How to Track a Songbird From Alaska to Peru

Published: August 28, 2023

For an olive-sided flycatcher, migration could be a marathon. Some of the soot-colored songbirds journey greater than 15,000 miles a 12 months, winging their means from South America to Alaska after which again once more. It’s a dizzyingly lengthy journey for a chook that weighs simply over an oz.

“Alaska populations of olive-sided flycatchers are just on this razor-thin margin of what’s biologically possible,” stated Julie Hagelin, a wildlife analysis biologist on the Alaska Department of Fish and Game and a senior analysis scientist on the University of Alaska Fairbanks.

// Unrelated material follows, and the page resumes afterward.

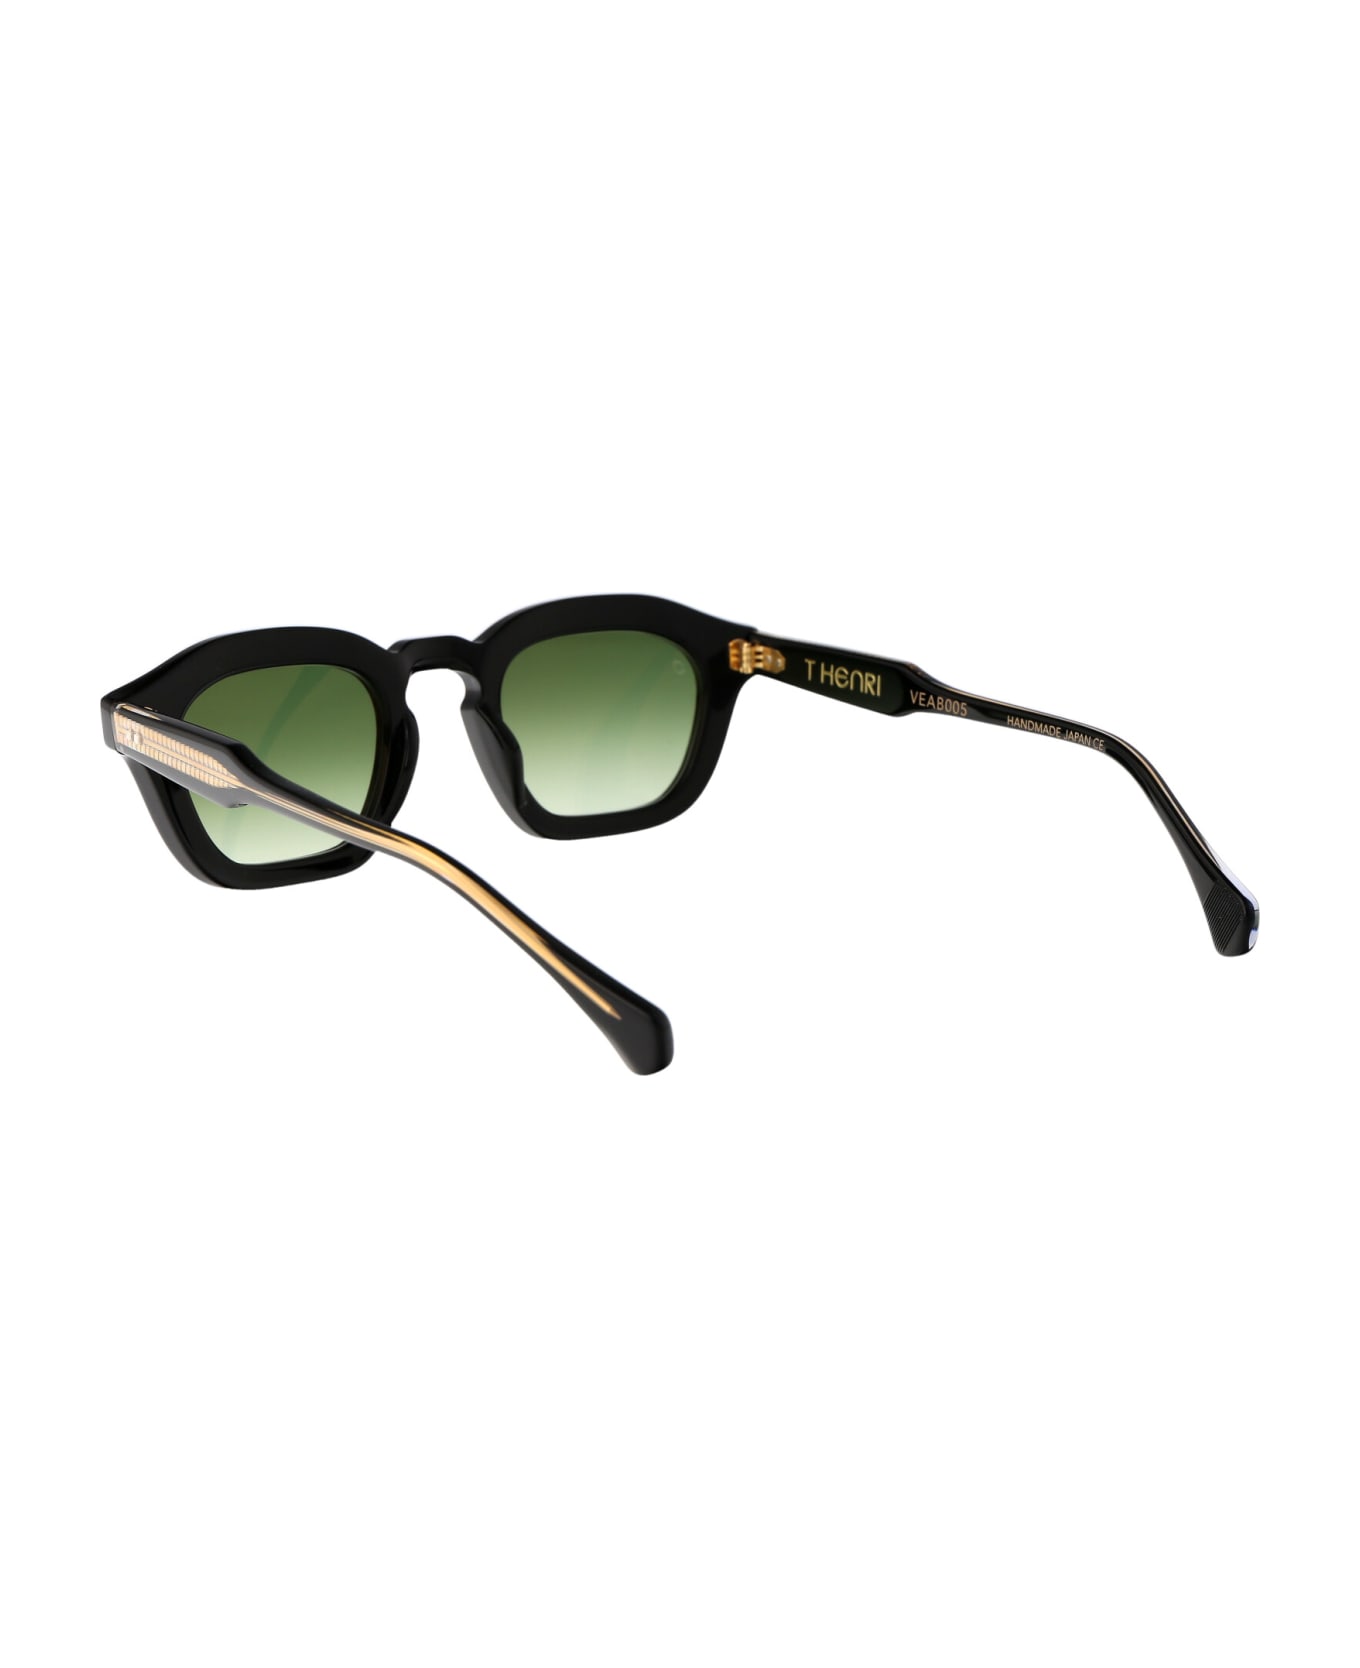 T Henri Veneno Sunglasses - ASTEROID サングラス
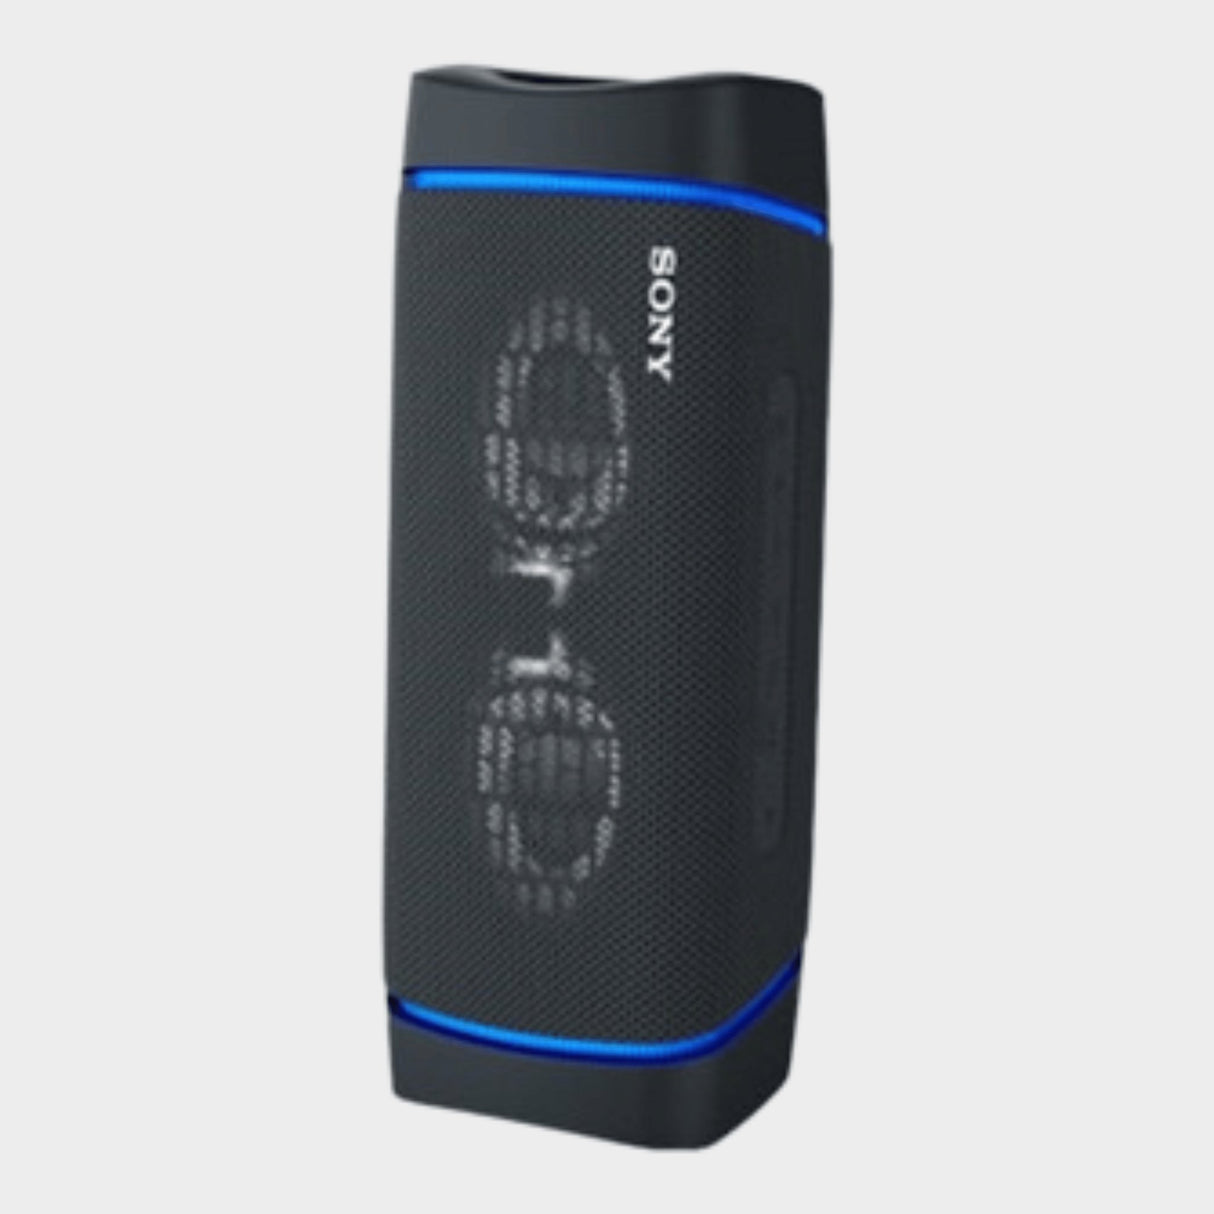 Sony Extra Bass Wireless Portable Speaker, SRS-XB33 - Black - KWT Tech Mart

To survive the lengthy journey, the birds want protected locations to relaxation and refuel. But the areas of those “little utopias” had been a thriller, Dr. Hagelin stated. So in 2013, she and her colleagues got down to unravel it by monitoring the birds. They hoped that figuring out the essential stopover websites may present clues about why olive-sided flycatcher populations had been declining and what may be wanted to save lots of them, together with the place consultants ought to goal their conservation efforts.

The analysis proved to be tougher than they’d bargained for. Olive-sided flycatchers typically breed in buggy bogs. They perch on the tops of timber. And they’re elusive, sparse on the panorama and tough to catch. “After the first year of struggling with this project, it became really, really clear why nobody in their right mind would want to try and study this bird,” Dr. Hagelin stated.

Here’s what it took for scientists to get the information:

Olive-sided flycatchers might be extremely delicate to incursions into their territory, so the scientists lured the birds with faux avian rivals. They purchased wood chook decoys on eBay, after which painted white patches on the flanks to duplicate the flash of white feathers that males typically present once they’re agitated. “It’s kind of a long distance signal of ‘Keep away’ or ‘This is my spot,’” Dr. Hagelin stated.

The researchers connected the decoys to small timber or tied them to massive sticks that had been positioned upright within the smooth floor. They strung up nice mist nests and performed flycatcher calls from audio system hidden within the bushes beneath the decoy. The scientists hoped that if an actual flycatcher was within the space, it might fly on the wood interloper and wind up of their nets. Some birds did simply that, responding rapidly to the decoy. But typically it may take hours to catch only one flycatcher. “Maybe two, if we were lucky,” Dr. Hagelin stated.

The researchers used clear plastic twine — designed for making beaded jewellery — to trend tiny flycatcher harnesses, every bearing a geolocator tag. Once they’d a chook in hand, they slipped the loops of the harness over its legs, positioning the tag in opposition to its decrease again.

When the birds flew south for the winter, the geolocator tags repeatedly recorded the sunshine ranges and the time, permitting the scientists to estimate every chook’s approximate latitude and longitude. In later years of the research, they transitioned to utilizing GPS tags, which might present extra exact location knowledge.

To obtain the information, the researchers needed to recapture the identical birds the following summer season. “Recovering this information added to my gray hairs,” Dr. Hagelin stated. The second time round, the birds had been warier and fewer attentive to the scientists’ trickery, so the researchers spent hours watching flycatcher nests.

“You can start to see patterns like locations or directions that the birds tend to exit or enter the nest and how they’re moving through the trees,” Dr. Hagelin stated. “So you can put a net in the way and hope you’ll catch them that way.”

Over the course of the five-year research, the researchers managed to deploy 95 tags. They recovered 17 geolocator tags however simply 5 GPS tags — and three of the GPS tags failed, offering no knowledge in any respect for causes the scientists nonetheless don’t perceive. “That was really devastating,” Dr. Hagelin stated.

“But all was not lost,” she added. The geolocator knowledge pointed to 13 vital stopover websites, from Washington to southern Peru, plus three primary wintering areas in South America, the researchers reported in 2021. Tagging expertise has improved, so scientists with an urge for food for flycatcher catching may now deal with gathering extra detailed knowledge on these areas. “Am I the person to do it?” Dr. Hagelin stated. “Maybe if I had the funding.”